My Aunt Tillie; her husband, Hymie; their three daughters; and their old bulldog, Prince, live on the third floor. Uncle Hymie is a short bald man with a perpetual cigar in his mouth, and Aunt Tillie runs the clan. My uncle Izzy, his wife Dora, son Yale, and daughter Judy live on the first floor. I live with my Dad, Jake, and Mom, Bess, on the second floor, and Aunt Sarah and her son, David, live with grandpa across the street in another one of his buildings. Aunt Sarah's husband Ben died in the war fourteen years ago, and she never re-married, even though she was still attractive.

We have the sandwich apartment. My third-floor aunt and uncle, Tillie and Hymie, communicate by fighting and shouting, the dog barks and snores, and the girls whine. Once they forgot to turn the bathtub off and we got flooded. I don't understand how that happened as the bathroom is the most used room in the apartment, especially when there are five of them sharing one toilet.

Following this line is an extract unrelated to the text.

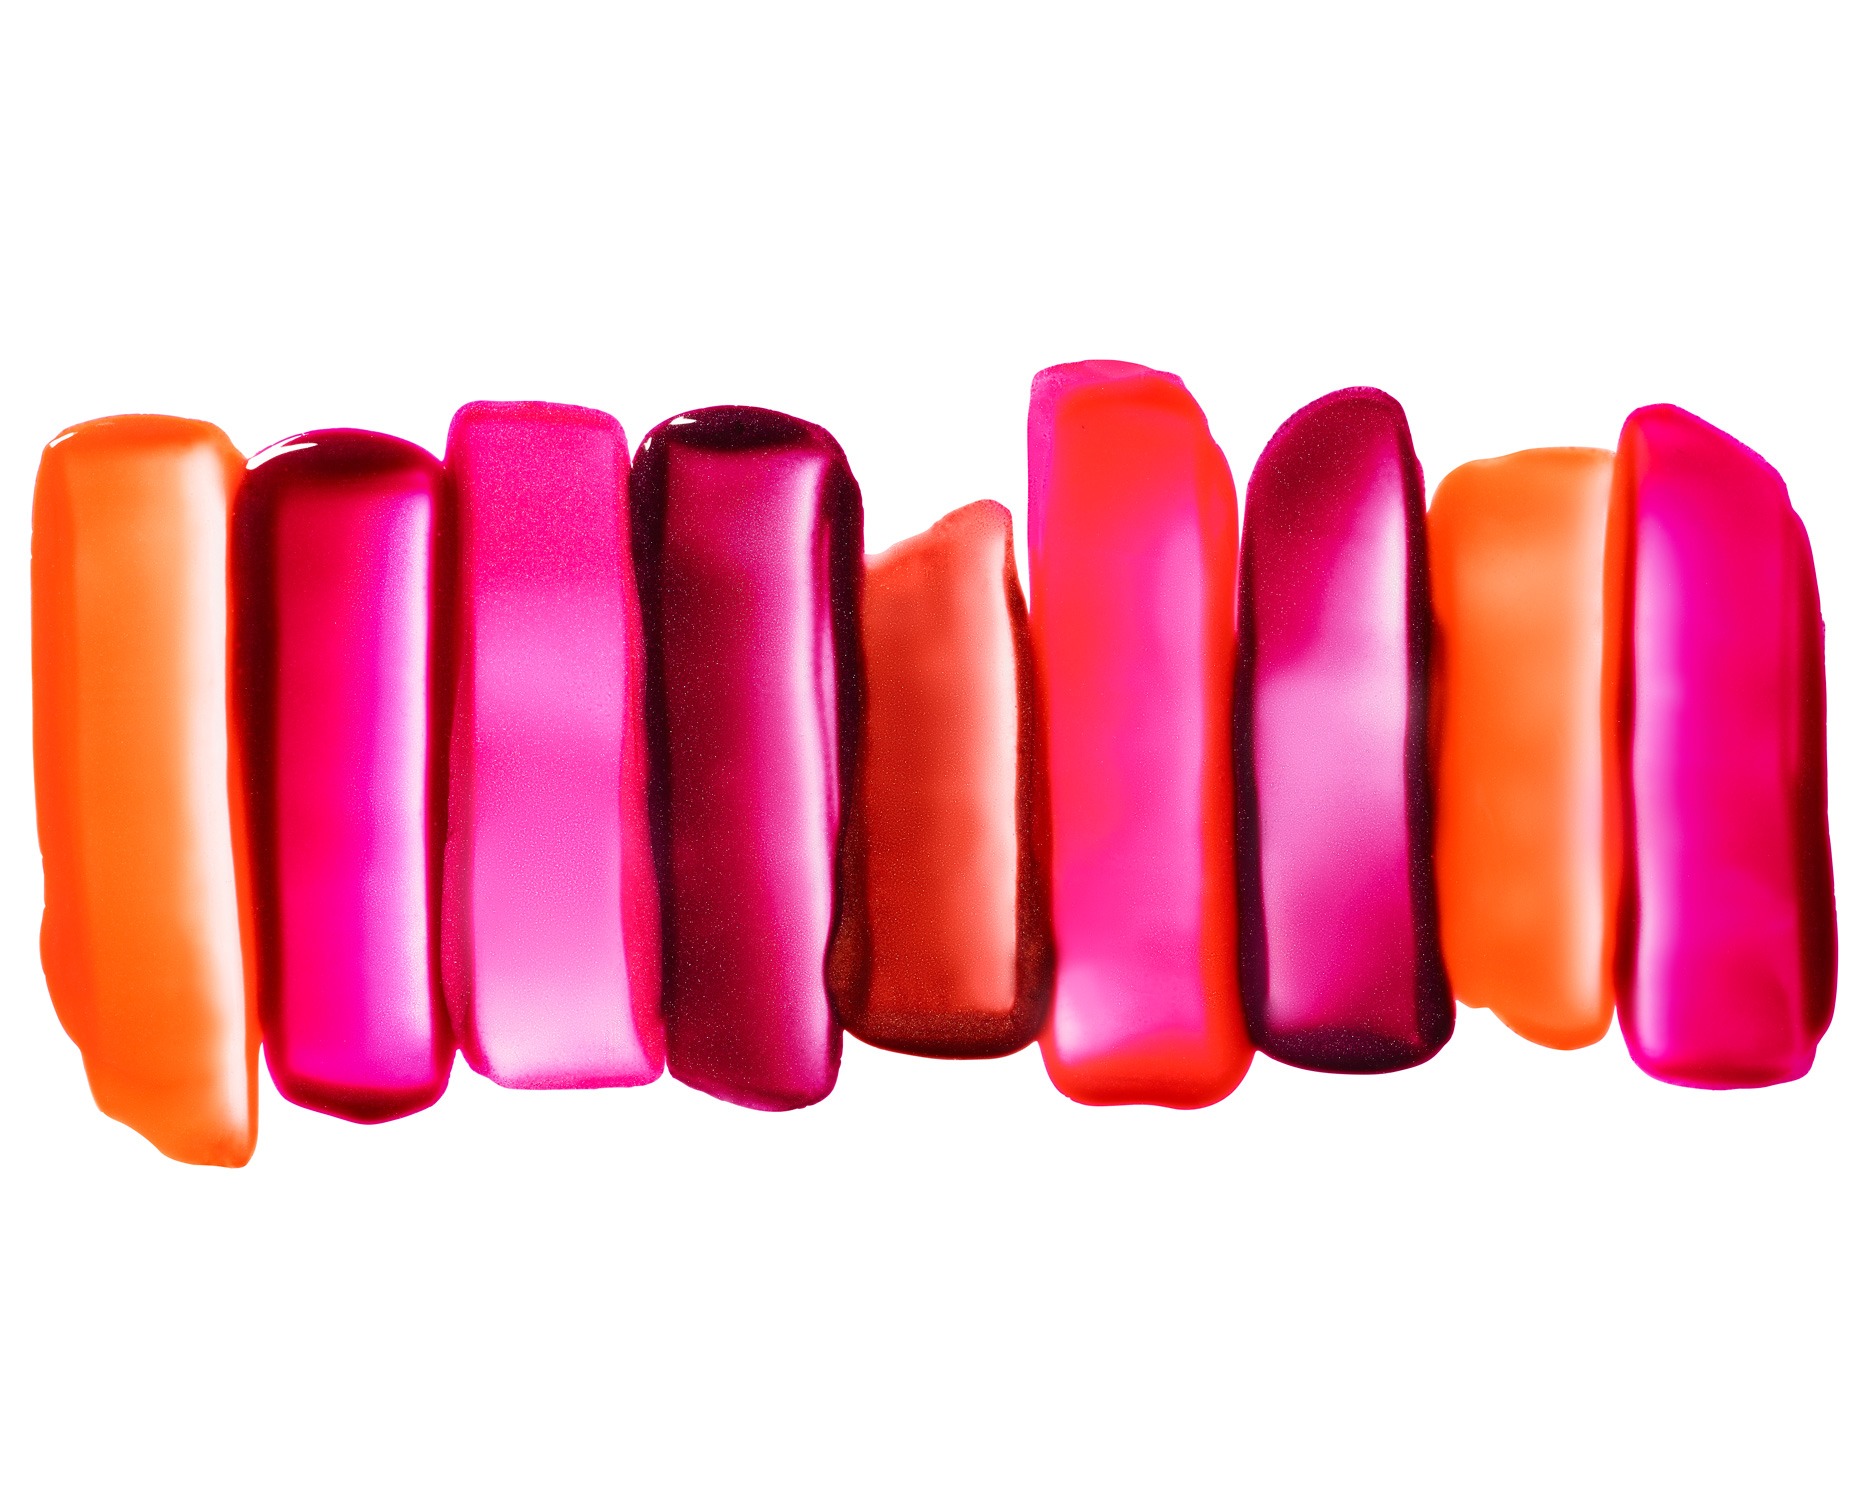 Sephora Statistics: Analyzing Beauty Trends and Success

We thought we were quiet, but Aunt Dora on the first floor complains that we stay up too late and she can hear us walking around. Maybe it is because Mom always wears heels while the rest of the women wear sensible black shoes. Spider-webbed blue veins make it harder for Aunt Dora to sleep. She says her jumpy legs don't help.

Down the street about three blocks from the bus stop on Jeffery Boulevard was home. Tests in school tomorrow, so I had more books than usual to balance. The jumble of voices increased in volume as I made it across the tree-lined street featuring red-and-yellow brick three-flat apartment buildings. I stopped a minute to watch the boys playing ball in the middle of the street, and the girls jumping rope on the sidewalks, double-Dutch, something I could never accomplish. I moved over to a cute little girl in a blue pinafore. "Hey Lucy, what is the commotion about?" I asked.

"I don't know. It's your family again," she answered. The crack of a bat made me look up. Dodging a ball headed towards the gutter, I continued towards home.

This was not the first time I've come home from school to find all the family members shouting at each other about some perceived crisis. I wasn't surprised to find Grandpa on the roof. Grandpa showed me the wooden boards with nails he was going to use. The pigeons weren't surprised either. A whole group of them sat on the telephone wires contemplating how to outsmart him.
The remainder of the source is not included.